Par Laetitia Dell'Anese, diététicienne au réseau de santé Pôle APSA
Le scorbut, une maladie causée par une carence importante en vitamine C et disparue depuis le XVIIIe siècle, semble faire son retour dans les pays industrialisés. Entre 2017 et 2018, quatre cas ont été diagnostiqués en France. Quel est le rôle de la vitamine C et comment se prévenir d’une éventuelle carence ?
L’humain est incapable de produire lui même ni de stocker la vitamine C, c’est pourquoi un apport quotidien est indispensable.
Sans aller jusqu’au scorbut, au moins un tiers de la population présenterait un déficit en vitamine C. Chez les adultes, les apports nutritionnels conseillés en vitamine C sont de 110 mg par jour. Mais nos besoins peuvent augmenter dans certaines situations pathologiques (fracture, infections…) ou en fonction de nos modes de vie comme le tabagisme et la consommation excessive d’alcool.
La vitamine C aussi appelée acide ascorbique remplit différentes fonctions dans notre organisme. Tout d’abord, elle contribue à réduire la fatigue et stimule notre système immunitaire. Mais ses fonctions ne s’arrêtent pas là. Elle participe également au maintien de la structure des tissus, joue un rôle dans la protection de nos vaisseaux sanguins, favorise la cicatrisation et pour finir augmente l’absorption du fer contenu dans les végétaux.

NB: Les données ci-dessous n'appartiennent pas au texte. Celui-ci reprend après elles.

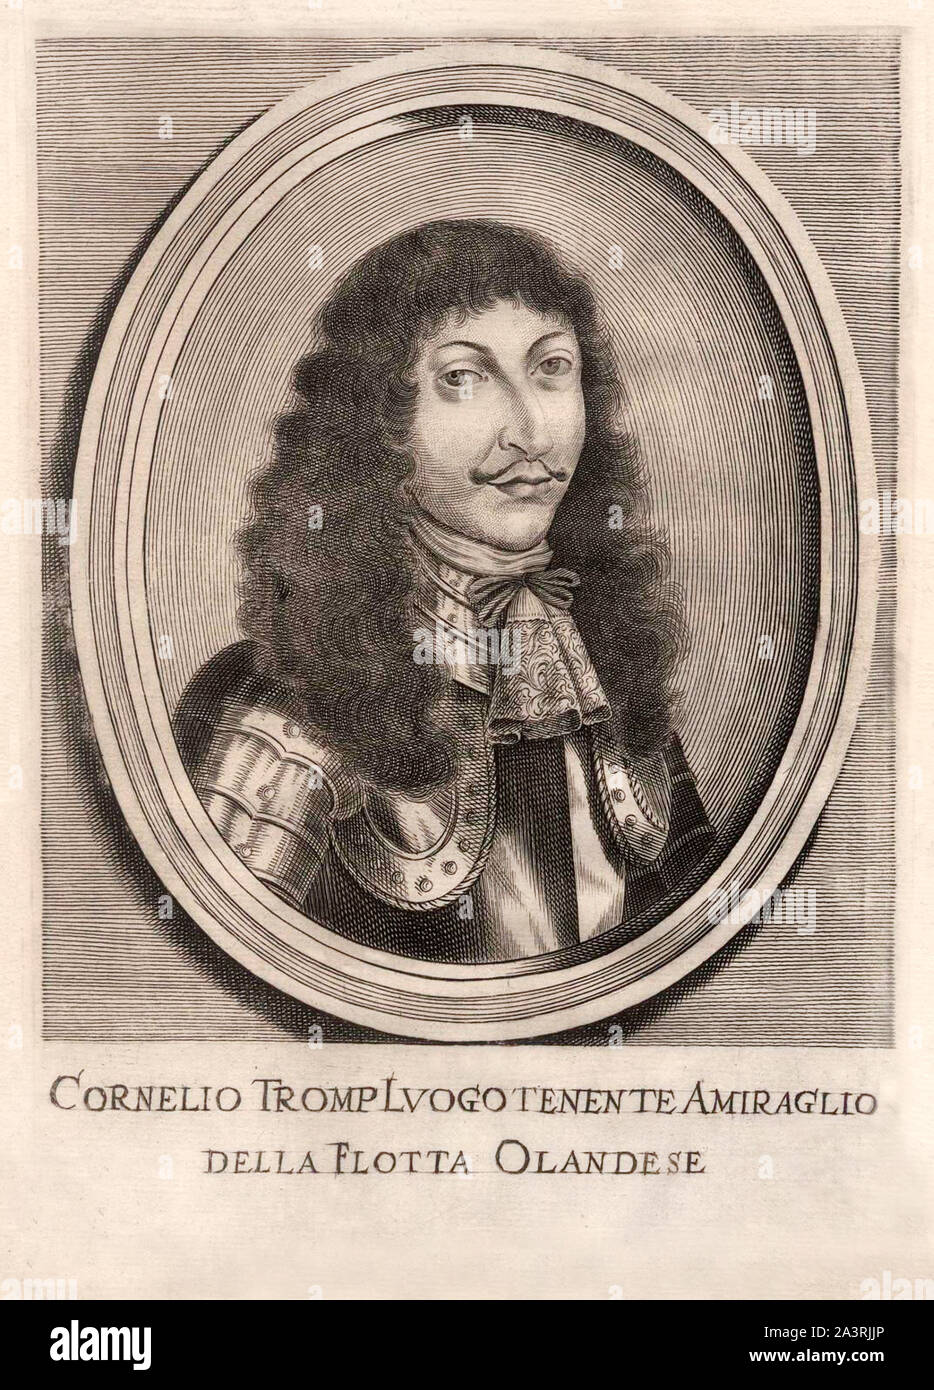 Maartenszoon Cornelis Tromp (1629 - 1691) était un officier de la marine néerlandaise qui a servi comme lieutenant-général de l'amiral dans la marine néerlandaise, et brièvement à titre de gener Banque D'Images

Elle se trouve essentiellement dans les produits végétaux. Les agrumes tels que les oranges, les clémentines, les mandarines, le citron et le pamplemousse sont riches en vitamines C. Une portion de ces agrumes apporte 60 mg de vitamine C couvrant la moitié de nos besoins journaliers. En fruits nous pouvons également citer les kiwis, les litchis et les cassis comme étant des sources intéressantes en cette vitamine.
Mais les légumes ne sont pas en reste puisqu’ils contiennent en moyenne 20 mg de vitamine C par portion. Et les champions de cette catégorie sont les poivrons et les choux.
Mais attention, la vitamine C est la plus fragile des vitamines. Elle est soluble dans l’eau et sensible à la chaleur, à l’air et à la lumière. Ce qui implique que plus le temps de cuisson est long, plus il y aura des pertes. Afin de préserver au mieux la vitamine C, il est recommandé de cuire les légumes à basse température et pendant une durée aussi courte que possible. La cuisson à la vapeur, au four à basse température, en papillote, au wok, à l’étouffée dans un minimum d’eau sont des modes de cuisson tout à fait adaptés !
Les choux sont les légumes d’hiver par excellence. Ils nous permettent de faire le plein en vitamine C. Une portion de 150 g de chou nous apporte 45 mg de vitamine C et couvre 40 % de nos besoins journaliers. Faibles en calories et en glucides (5 %), ils nous apportent aussi de la précieuse vitamine B9, vitamine qui participe à notre santé cardio vasculaire. Chou vert, chou blanc, chou rouge, chou de Bruxelles, chou rave, chou kale, chou-fleur, chou romanesco, chou frisé… N’hésitez pas à varier les plaisirs.
La choucroute, plat emblématique alsacien, est fabriquée à partir de chou lactofermenté. Crue ou cuite, la choucroute est riche en vitamine C, vitamine B9 et micronutriments. D’autre part, le processus de lactofermentation est bénéfique pour notre microbiote intestinal. Attention tout de même à la présence de sel ajouté qui est de l’ordre de 0,5 g de sel pour 100 g.
En période hivernale, la vitamine C est notre alliée santé. Elle contribue à réduire la fatigue et aide notre organisme à se protéger contre les infections virales et bactériennes de l’hiver. Nos besoins en vitamine C sont couverts en intégrant 5 portions de fruits et légumes par jour, c’est-à-dire 2 portions de fruits et 3 portions de légumes dans notre alimentation quotidienne. Du fait de la fragilité de cette vitamine à la chaleur, pensez à intégrer des crudités à vos repas, et cela même en hiver.